Learn to be sensible when you bring children into the world. Who knows, maybe eight won’t be enough.


  • Step 1: Avoid overspending at holidays and for birthdays. They don’t need and usually don’t use all the extra toys.
  • TIP: Model the same frugal habits you expect your child to understand.
  • Step 2: Save gas on family trips by using a manual transmission and cruise control. Driving less than 55 miles per hour will result in better mileage, and the kids will learn from the good example.
  • FACT: By 2007, American families on average spent $200,000 per child from birth to age 17, according to a U.S. Department of Agriculture report. That figure jumped to $291,000 for middle-income earners the next year.
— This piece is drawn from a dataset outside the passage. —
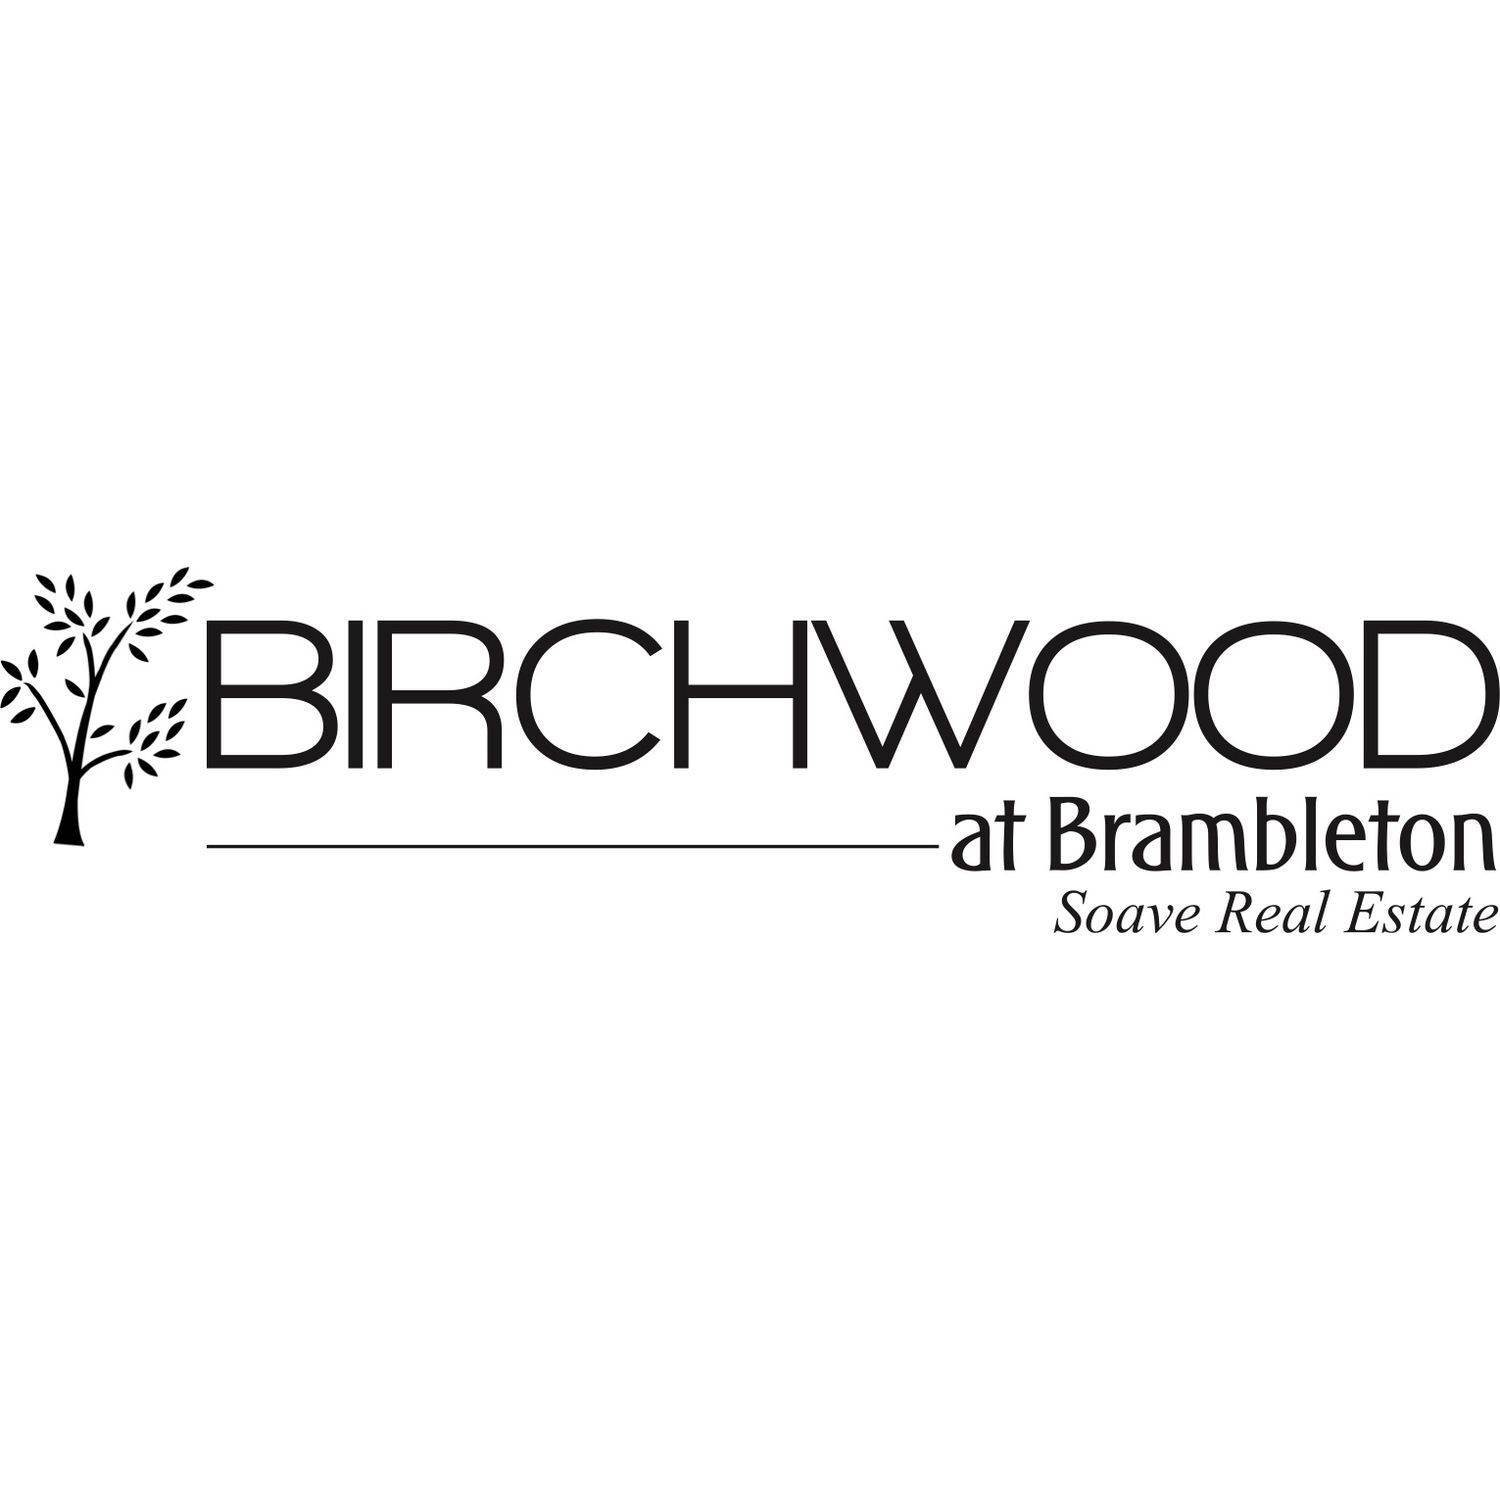 2. Birchwood at Brambleton κτίριο σε 42920 Firefly Sonata Terrace, Ashburn, VA 20148
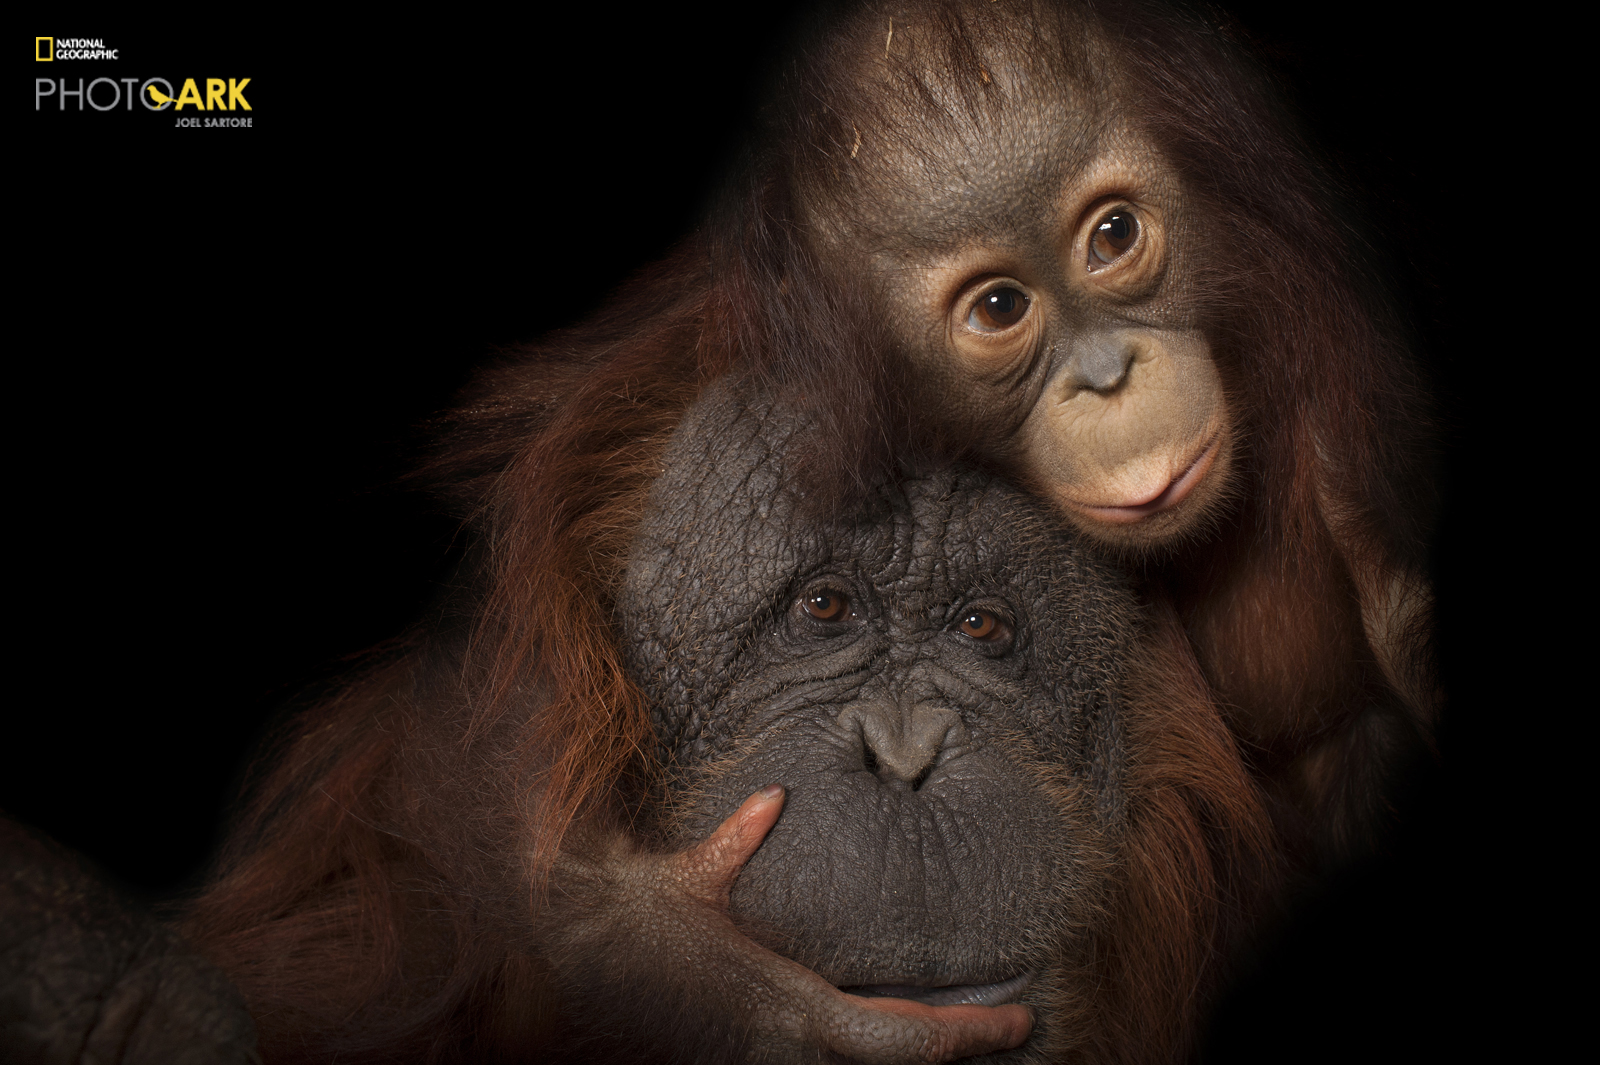 Portrait of Bornean Orangutan from Joel Sartore's Photo Ark project

  • Step 3: Save on professional daycare and babysitters by networking with friends and neighbors, or by getting help from grandparents and siblings.
  • Step 4: Purchase pre-owned furnishings for the children’s rooms. Now that families are smaller, "almost new" cribs, strollers, and car seats abound at yard sales.
  • Step 5: Maintain a tight food budget, shopping with coupons. Look for fresh produce – the less processed food is, the less it generally costs.
  • Step 6: Use cloth diapers instead of disposables. You will save tons of cash, help the environment, and learn to control your gag reflex.
  • TIP: Anything saved can be directed to a fund for education.
  • Step 7: Use hand-me-down clothes. If they complain, tell them Superman or Hannah Montana wore them when they were little.
  • Step 8: Buy a modest home. Your kids might have to share a room, like you did, and they might not have their own TV and video complex inviting isolation, but the family will interact more.